Se me dessem a honra de ouvir-me sobre as reformas políticas, eu recomendaria uma ideia bem mais revolucionárias do que as da própria Revolução. E muito mais salutar: a eleição integral, em que todos os brasileiros, mas todos, sem exceção das crianças, hoje tão sabidas, escolhessem seus representantes e dirigente, sob a forma de voto mental absoluto, sem papagaiadas formalísticas.

Os mandatos teriam a duração exemplar de 24 horas, o que eliminaria angústias e infartos, e poderiam ser, não digo cassados, pois julgo a expressão extremamente antipática, mas revogados, caso no fluir dos minutos o eleitor achasse que fizera má escolha. Em compensação, poderiam ser renovados na manhã seguinte e nas outras manhãs, sempre que o eleitor se mantivesse contente com os mandatários e não quisesse experimentar outros. Desta maneira teríamos a cada sol, ou a cada dia de chuva, governo e representação popular novos, que, se fossem ótimos, poderiam ser confirmados quando o galo cantasse outra vez (o galo ou a serraria do bairro), e, caso não dessem no couro, teriam feito o menor mal possível à mente do seu eleitor.

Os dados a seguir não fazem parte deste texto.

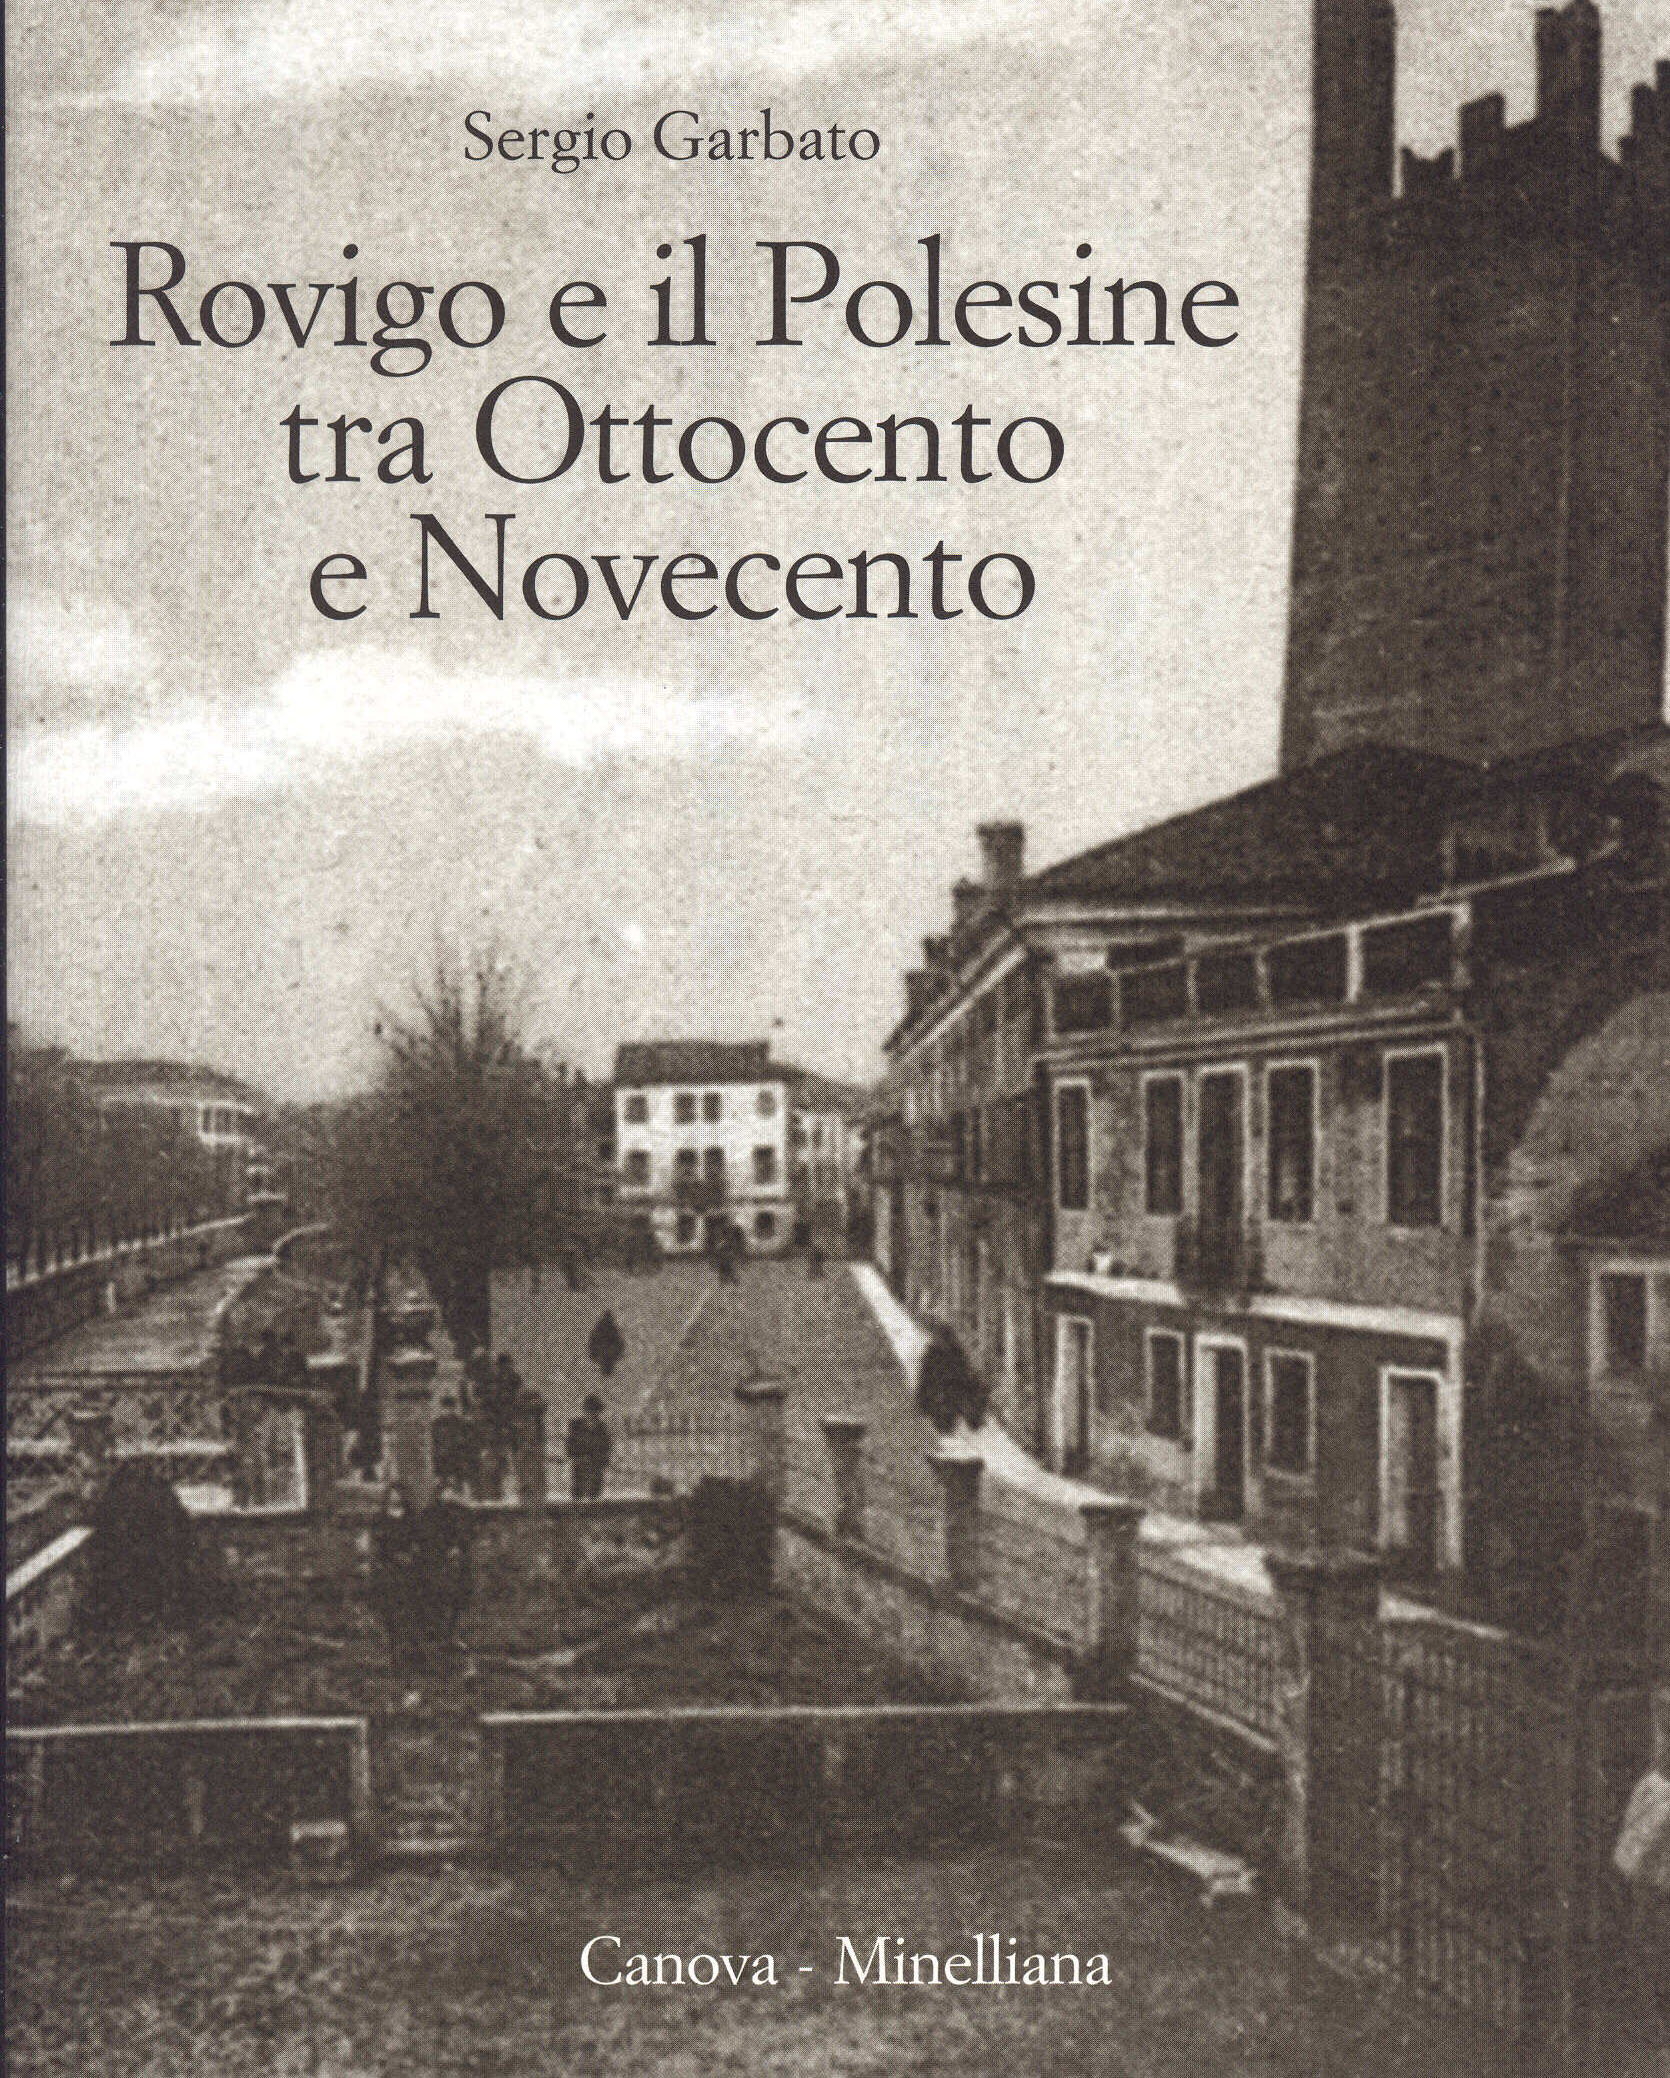 Rovigo e il Polesine tra Ottocento e Novecento

Já sei que impugnariam o meu projeto, apontando-lhe mil inconvenientes, entre os quais o de provocar a anarquia governamental e legislativa, pois não haveria um só presidente, e sim talvez milhões, dada a tendência de muito eleitor a votar em si mesmo, o que se repetiria para a eleição para governadores, senadores, deputados, prefeitos e vereadores. Podendo até dar-se o caso de um mesmo indivíduo eleger-se simultaneamente para todas essas funções. Como governar, como elaborar leis desta maneira?

Bem, eu já previa esta objeção principal, como tantas outras, e afirmo que a explanação da ideia fará com que ela rutile em seu justo e convincente esplendor. Os órgãos políticos assim constituídos não trariam a menor perturbação à vida do país. Pelo contrário, só poderiam ofertar-lhe benefícios, pela soma de boas influências de cada eleito, no ânimo de seu respectivo eleitor. A democracia funcionando dentro de nós, com eficácia, e não supostamente do lado de fora, sujeita a esbarrões e desvios. Nisso consiste a beleza do meu sistema. 

Eu, por exemplo, me daria o prazer, ou o privilégio, de ser governado em 1° de janeiro por mestre Alceu Amoroso Lima. Para renovação da alegria, meu presidente no dia 2 seria Maria Clara Machado (Que diabo, então mulher inteligente não pode assumir o posto?) Depois seria a vez de César Lates, Vinícius de Moraes, Paulo Duarte, Prudente de Morais, neto, essa folha-de-malva que se chama Henriqueta Lisboa, Aliomar Baleeiro, Luis da Camara Cascudo, Fayga Ostrower, Pedro Nava, Francisco Mignone, Enrico Bianco, Eliseth Cardoso, Orígenes Lessa, Fernanda Montenegro ... Tudo gente boa, de respeito. E de imaginação. Estes, e outros assim, os meus presidentes ao longo do ano. Meus vizinhos escolheriam os deles.

Ninguém brigando por motivo de ambição. Em santa paz, cada qual seria governado, orientado, instigado pela figura de sua dileção. Por serem de jurisdição limitada ao âmbito das pessoas que os elegessem, não colidiriam entre si tantos presidentes, situados na extensão infinita ( e mínima) de nossas preferências pessoais. Todos nós, eleitores, nos sentiríamos impelidos, na esfera individual, a fazer o melhor possível, sob esse comando abstrato. E vivendo e trabalhando cada um de nós ao influxo de tal regência moral, este seria um país que não precisaria criar calos nos pé e na alma para ir pra frente.

Bem, insistirão ainda os opositores: E quem governaria de fato o Brasil, quem faria leis para serem realmente executadas? Ora, pergunta vã. Se na prática tais poderes podem ser concentrados numa só pessoa, minha proposta consiste apenas em estender esta faculdade, no plano ideal, que também conta, a todos os integrantes da comunidade. Sem bulha nem ameaça à segurança nacional, e com plena consciência de todo mundo.